Sustainable business and the ripple effect : Thoughts from Zambia

 by M Luciana

Before embarking on my International Citizen Service Entrepreneurship placement in Lusaka, Zambia, I had little knowledge of sustainable business, and even less knowledge of its potential to complexly contribute to development. I certainly did not expect that the enhancement of said knowledge would come from consulting a business in the hospitality industry. However, the ripple effect of changes in business operations is eye-opening in developing industry sectors such as tourism and hospitality in Zambia, and it is in this sector that business efficiency, effectiveness and sustainability will help not only the company in question, but also its surrounding community and associated supply chain.

My placement, Lui Guest House, is a small, family-owned lodge in the heart of Lusaka, drawing in local and international clients alike to provide quality and affordable accommodation. Alongside accommodation, it supplies restaurant services and outside hire of certain parts of the guest house. At the other end of the spectrum, it is a consumer of products and services to support its operations – some established supply chains, such as electrical power, and some variable, such as food ingredients and cleaning products, subject to budgets and availability. It was the role of the business as a consumer which brought about some of the most long-term changes implemented during our placement; we used the consumer position of Lui Guest House to create a unique selling point for the business and the services it provides: environmental responsibility (or, as some might call it, eco-friendliness).

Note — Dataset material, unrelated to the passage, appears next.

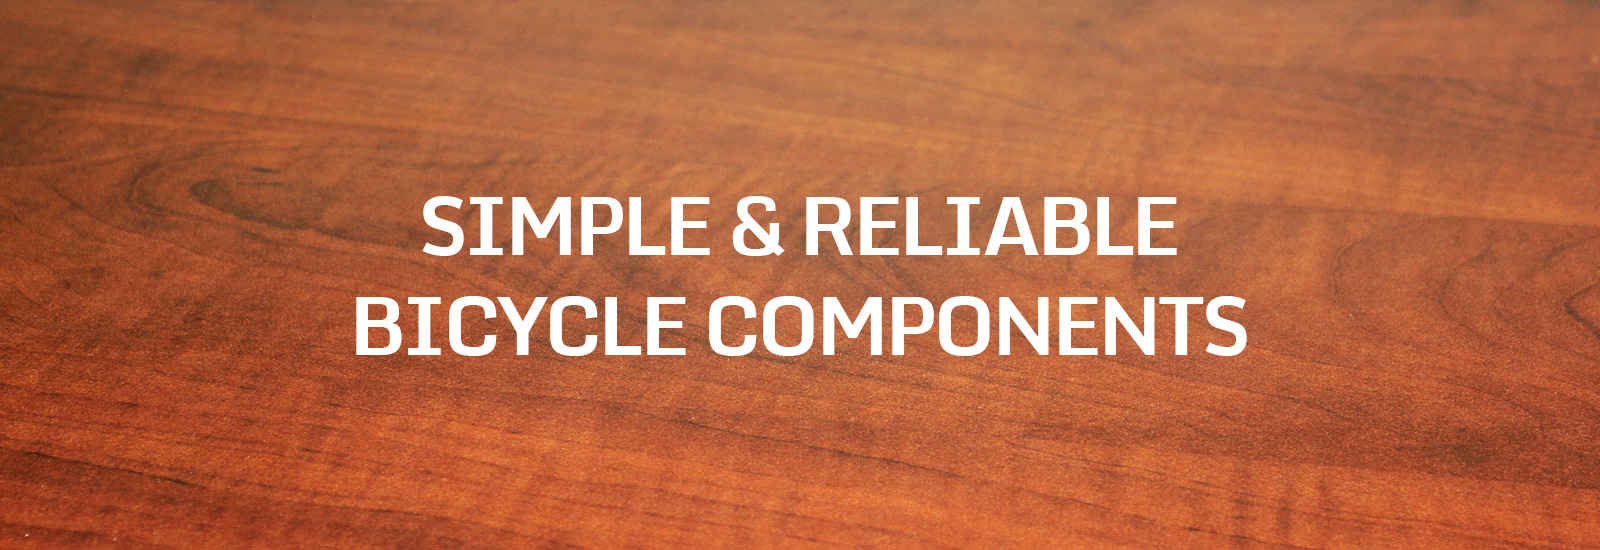 Simple & Reliable Bicycle Components

Picture this: a buzzing urban tourism industry in the capital, dominated by expensive hotel chains and backpacker hostels. State-of-the-art facilities and services provide for the corporate traveller, while affordable prices and friendly hostel environments provide for the exploring volon-tourist. At the middle of this range, you have guest houses – reliable, affordable, sensibly located accommodations, with quietly sufficient services such as WiFi, simple and hearty restaurant menus, hand-washed laundry and breezy back gardens. They cannot afford to invest in oak-panelled conference facilities, nor gourmet restaurant meals. How can they appear as unique in the face of their competition? Our starter-for-10 solution for Lui Guest House combined a unique selling point with a real challenge faced by all Zambians these days: lack of electricity.

Zesco, the state-owned electrical generation company which holds a quasi-monopoly of power provision services, has been battling with low rainfall levels over recent years, leading to a lack of hydro-electric power generation and hence scheduled power cuts amounting up to 12 hours per day. Obviously, this is a huge challenge for a business whose customer relations rely on phones and internet, and whose customer satisfaction relies on the provision of lighting, TV facilities and running water via a powered borehole. By addressing this challenge, not only does the guest house gain a competitive advantage in its market segment, but also a unique selling point, in line with recommendations of the Zambia Tourism policy to promote environmentally sound operations in the tourism industry, as well as the development of eco-tourism.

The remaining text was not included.